As I’ve become older I noticed I’ve become more like one of my former acquaintances who had no taste for adventure and had become overly conservative and averse to changes. This personal trend increased during the lock-down for the pandemic. On the scale of introversion to extroversion, introversion seems to be more prevalent. It takes extra motivation to get out of the house to take in new experiences.
It seems that I’ve become more mentally lazy in this regard–something I do not want to encourage. It’s time to put my nose to the grindstone and reestablish some routines and schedules. If I jot down what needs to be done, I’m more likely to complete the tasks. This is less effective if the goal requires several months to complete. I’ve considered scheduling bite-size portions of the job, but acclimating myself to a routine works better for me.
Generally speaking, I’m pretty much a detail-oriented, methodical worker–once I get started. This is especially true when the project is to clean small objects or to restore a vintage or antique lamp. I want the thing to look as close to when it was new, yet to be robust enough to use as a current, everyday part of living.

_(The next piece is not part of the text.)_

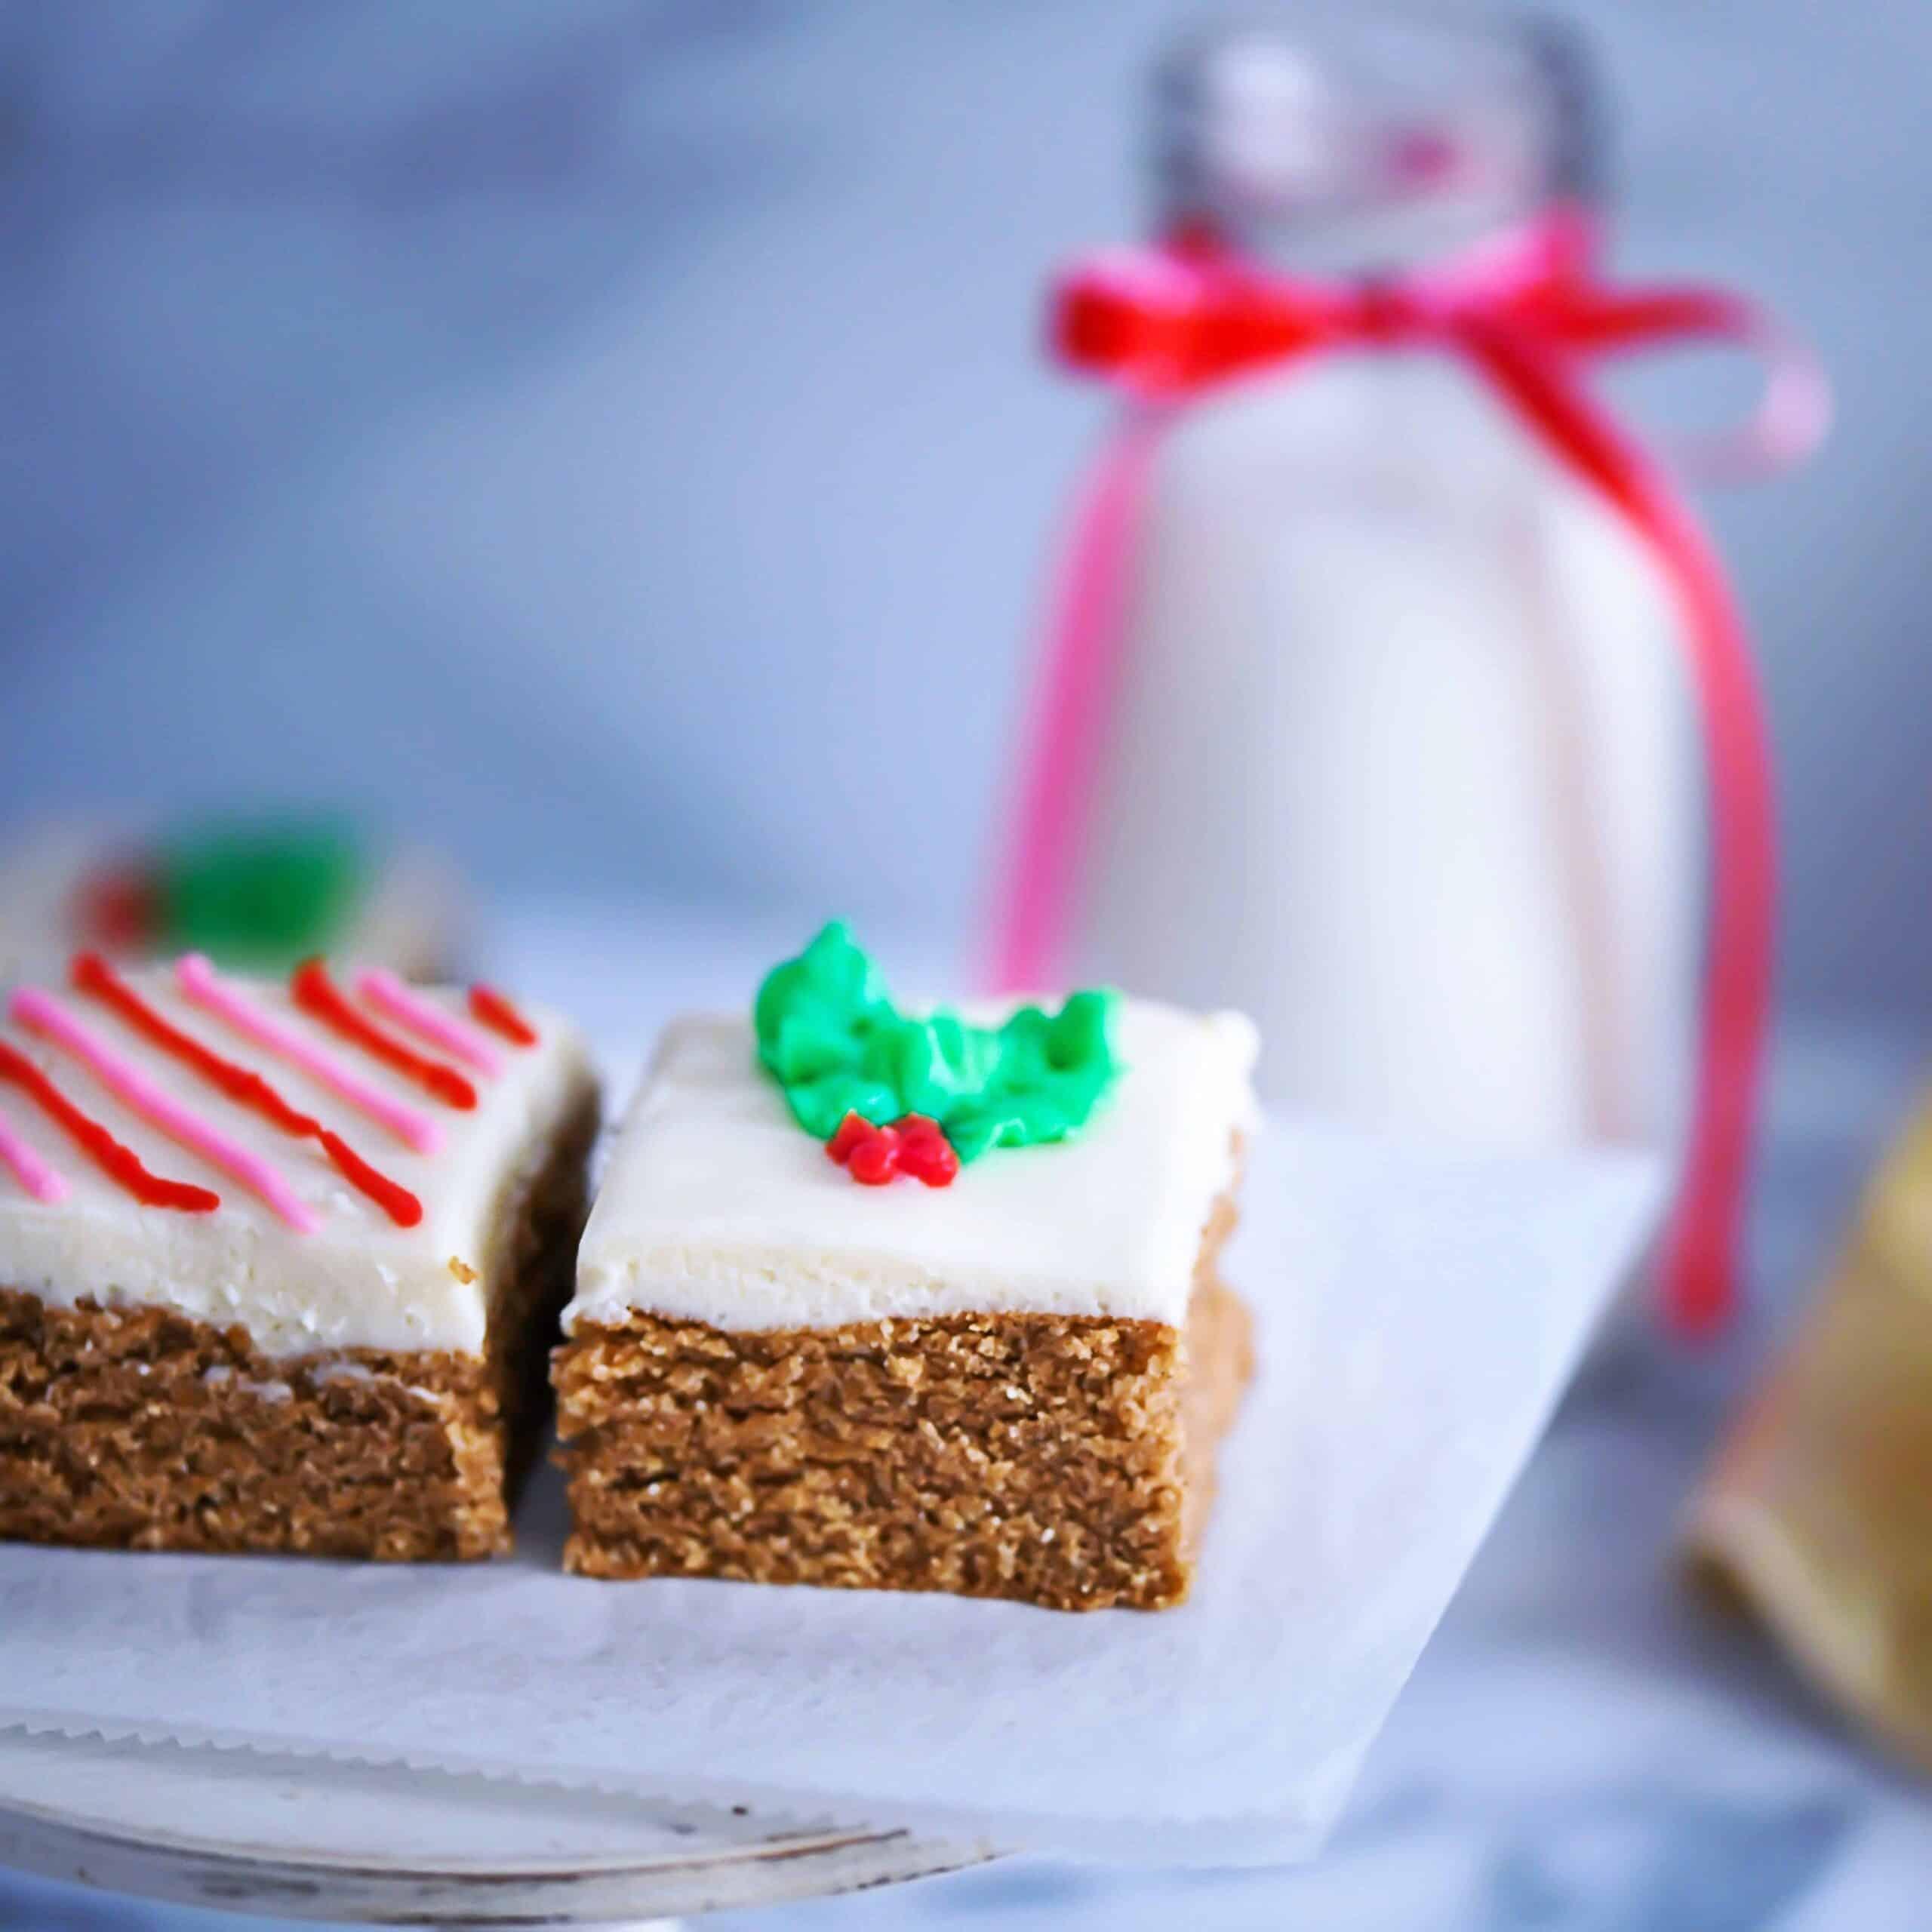 Gluten-free, sugar-free gingerbread

For example, a few years ago, I spent the better part of two weeks restoring a 120-year-old kerosene lamp. I wanted to retain the vintage, electrified conversion parts yet also keep in reserve the ability to re-convert it back to liquid fuel. I formulated a plan and set about to follow it step by step. Due to the fact that it is the oldest lamp in the house, I was further motivated because I wanted to see it lit up again. I didn’t mind the gradual progress. I just went with the flow and gut instincts as to how to repair certain components. After the pieces were fixed or replaced, everything assembled quickly. The lamp was then placed in the bedroom to use as a practical accessory.
Overall, I’m fairly good at imagining and planning what I want to do. It’s the implementation that often falls short. When I don’t begin working on the project, I physically write a short note in the day-planner journal. The act of putting pen to paper mentally solidifies the goal in my mind better than tapping a reminder into an electronic device. For some people the electronic reminder works better. Regardless of the format, I recommend scheduling because it’s effective. The schedule gets you started on the path to methodical completion of the job at hand.
The point is to just begin. Once a task is started, the work seems to almost flow along on its own. It isn’t the most exciting thing, but oftentimes, we simply become absorbed and mentally get into it. Our minds pull odd tricks like this all the time. It’s how we operate on the job or tinker with our hobbies. I’m sure psychologists have probably studied this phenomenon because it’s interesting.
What’s also interesting about putting in the necessary effort, is that not only do we complete our tasks, our characters grow and become a little stronger. With diligent attention and patient caring about our actions, we thrive as a result of the expended effort.
The Blue Jay of Happiness ponders something from 20th century Indian sage and liberated being, Ramana Maharshi. “No one succeeds without effort…. Those who succeed owe their success to perseverance.”